Botswana has a business landscape that is remarkably friendly. The government has been providing incentives for investors with a focus on the export sector. “We allow investors a 99-years land lease. We also allow investors to continuously train their teams with a training rebate of 200%. Any raw materials or machineries we need to start businesses are imported duty free,” notes Lonely Mogara, CEO of Special Economic Zones Authority.
“We’ve run prudent macroeconomic policies over the years such that we can run deficits that are sustainable in the medium to long term. We have been able to build a buffer of foreign exchange reserves,” says Andrew Maatla Motsom, Managing Director of Debswana Diamond Company, explaining that the government is committed to building a knowledge economy, providing opportunities for investment in digitalization.
Digitalization expanded significantly during the COVID-19 pandemic with the government functioning online, and the education sector delivering much of the curricula and teaching through digital technologies.
“We are working very hard to bring down the cost of data in this country. We are now second after Morocco in terms of reaching the target for 2% of gross national income,” says Hon. Thulagano M. Segokgo, Minister of Minister of Communications, Knowledge and Technology. This successful practice in digitalization has expanded to the investment sector. “We have set up an online business registration system, which is linked to people’s IDs. We have also ratified the Trade and Industrial Development Act, which established the One Stop Service Centre for all investment authorisations. We’re granting permanent residence to investors who have value. We have decentralised the visa issuance to our embassies across the world, so they can do it instead of us,” states Hon. Mmusi Kgafela, Minister of Investment, Trade and Industry.

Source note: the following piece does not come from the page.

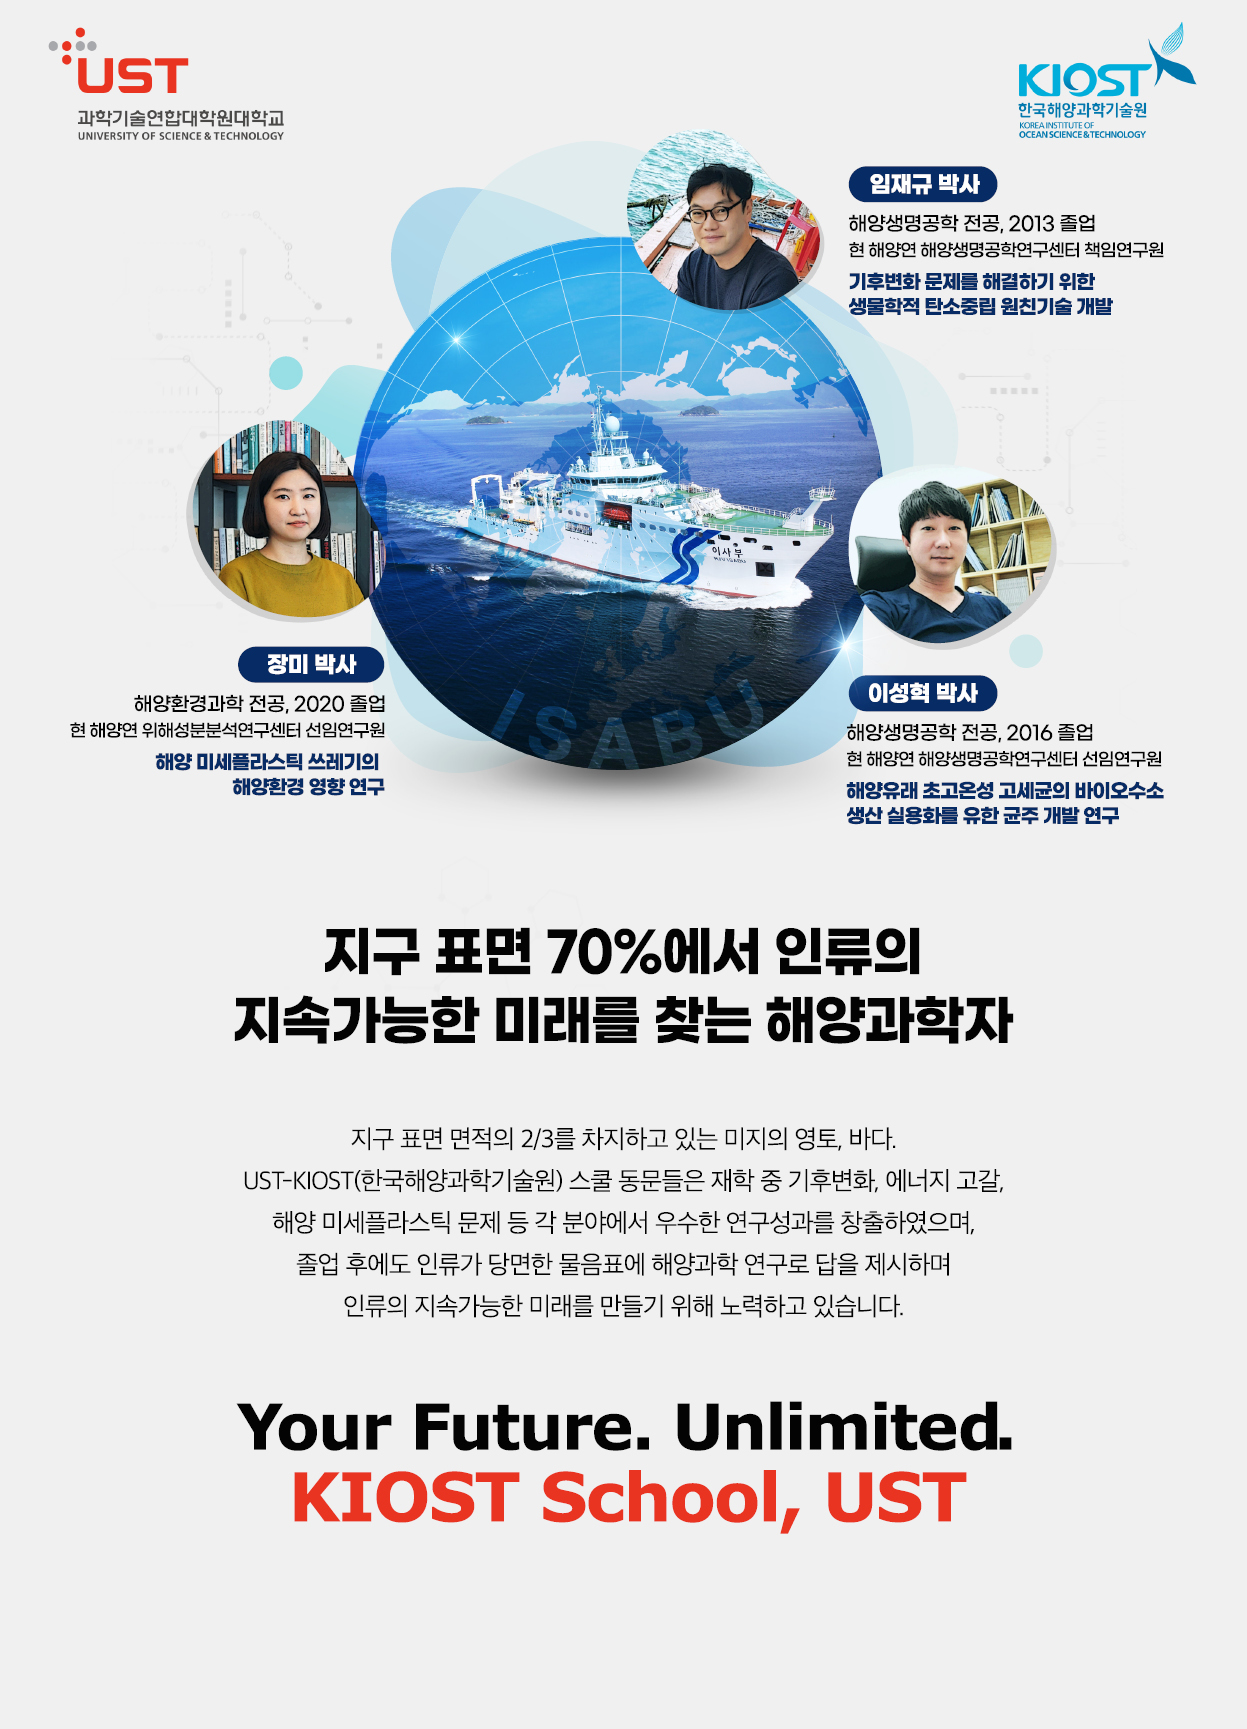 KIOST 한국해양과학기술원 캠퍼스 포스터로 자세한내용은 하단에 위치해있습니다.
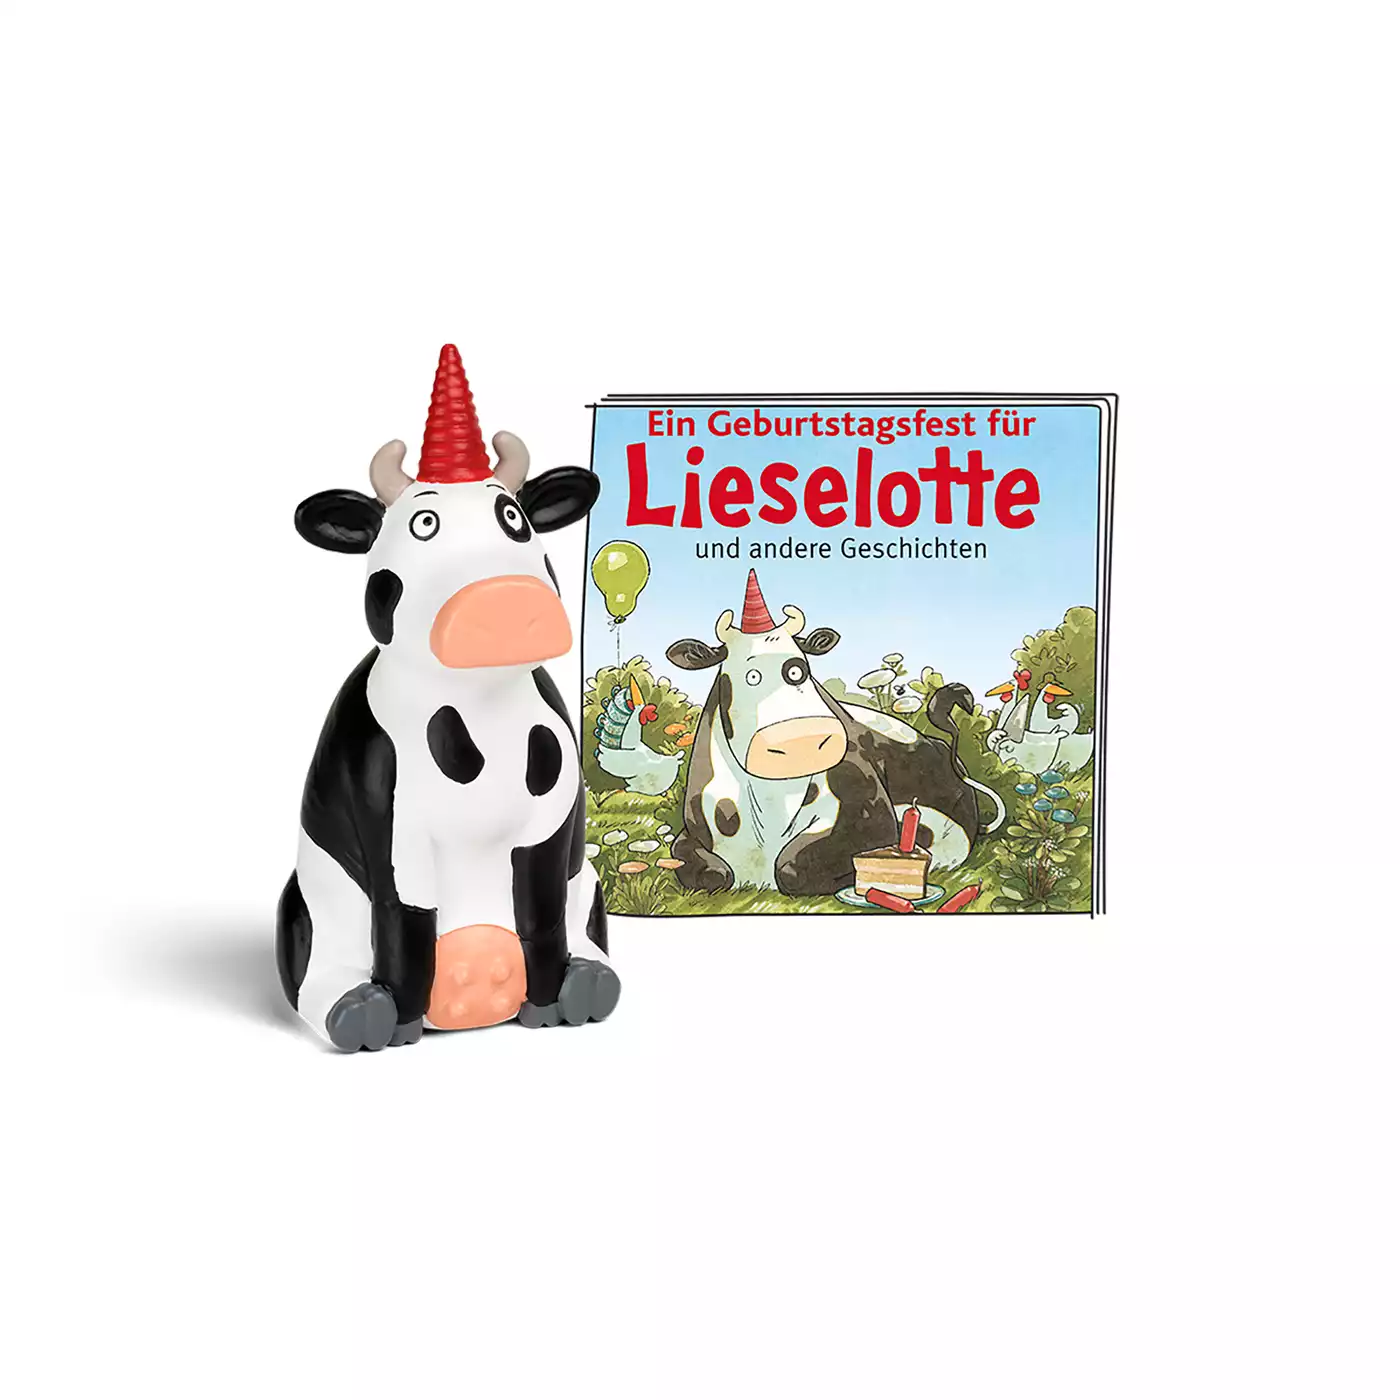 Ein Geburtstagsfest für Lieselotte und andere Geschichten tonies 2000575333204 3

Botswana holds access to international markets through the Southern African Development Community (SADC), the African Growth and Opportunity Act (AGOA), the EU and SADC economic partnership agreements and the African Continental Free Trade Area Agreement. This is one of the many appealing elements of Botswana as a business destination for foreign investors. “As a foreign company, we have easy access to our funds with no restrictions, and the government is the least corrupt government in Africa. The government facilitates everything and things get done in the right manner. We pay our investors dividends with no issues,” says Naseem Lahri, Managing Director of Lucara Diamond. “We have a very good system and structure in place. Everything works in this country. The laws and the systems are much more business friendly in the region,” adds Ramachandran Ottapathu, CEO of Choppies.